BIC is not going to be an effective criterion for model selection in this case. The authors of ChromHMM performed an integrative analysis of chromatin states using the ENCODE data, which found that both BIC and AIC favored models with more states than would be considered intelligible (in terms of deciphering biological significance) to humans. See Hoffman et al. (Nucleic Acids Research, 2013) for more details. If I recall correctly, in this particular case the authors chose to set the number of states to 25.
The issue is that we can't necessarily expect BIC/AIC to produce the most parsimonious model in this case because increasing the number of states (and therefore the number of parameters) results in an increased likelihood that is greater than the penalty for new parameters. It's not immediately apparent if the relatively high number of states selected by BIC/AIC reflects genuine complexity in biological chromatin states or a tendency toward overfitting. Unfortunately, the functional/biological significance of a great number of model states can only be resolved at the lab bench, and there aren't (currently) any great methods to probe the functional consequences of combinatorial chromatin configurations at scale.
You may also consider the Epigenome Roadmap Atlas Project as a source of community standards in this regard. While not fully published, the analysis group integrated ~127 epigenomes using five histone marks to fit ChromHMM models ranging from 10-25 states.

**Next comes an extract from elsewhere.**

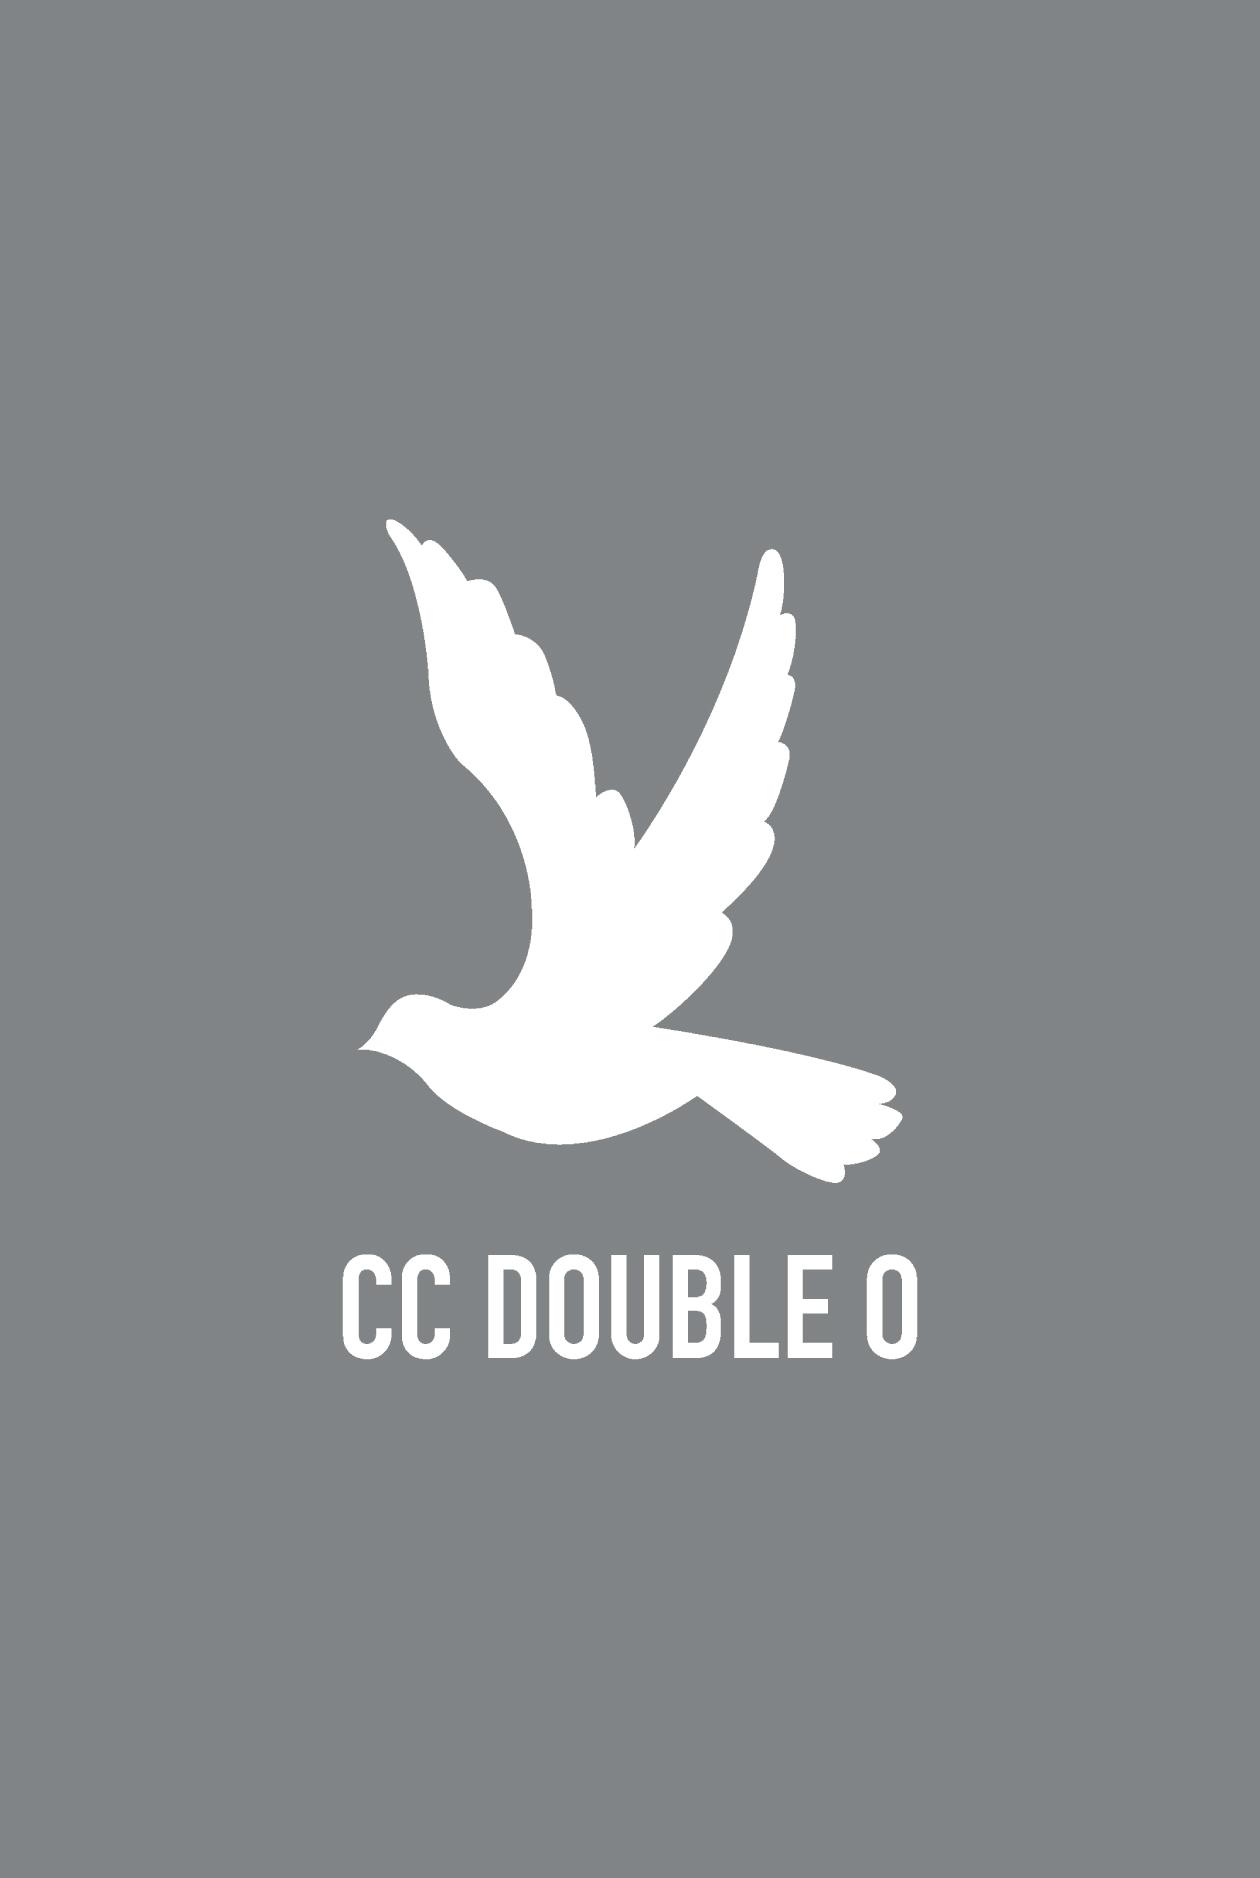 กางเกงวอร์มผูกเชือกโลโก้ CC DOUBLE O

In the end, the 15 state model was selected as an appropriate balance of model complexity vs. interpretability. Using additional histone marks/TFs would likely mean that the optimal trade-off between complexity and interpretability would shift to a model with an even greater number of states.

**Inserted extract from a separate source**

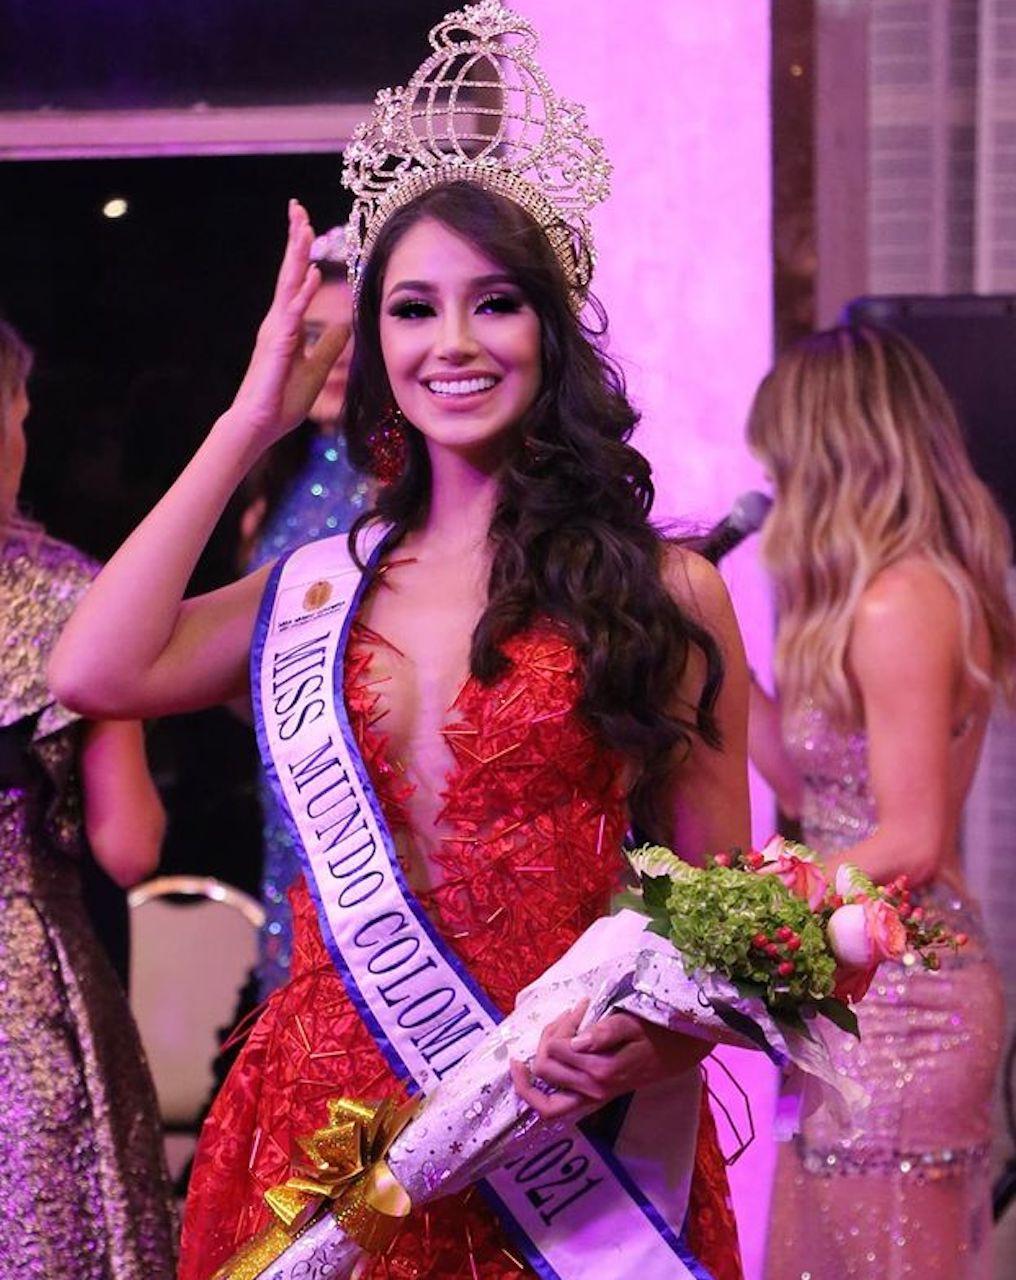 Mỹ nhân Colompia vừa đăng quang Hoa hậu Thế giới

At this point, interpretability as it applies to the biological research community is a moving standard defined by relative redundancy of states when comparing the segmented genome to other gold-standard functional annotations (like TSSs, gene bodies, enhancers, etc). The logic is, of course, decidedly circular: it's quite possible that more complex models accurately describe functional categories of chromatin elements that we aren't equipped to detect because our limited library of secondary annotations provides no basis for understanding them. In other words, we only see what we already know.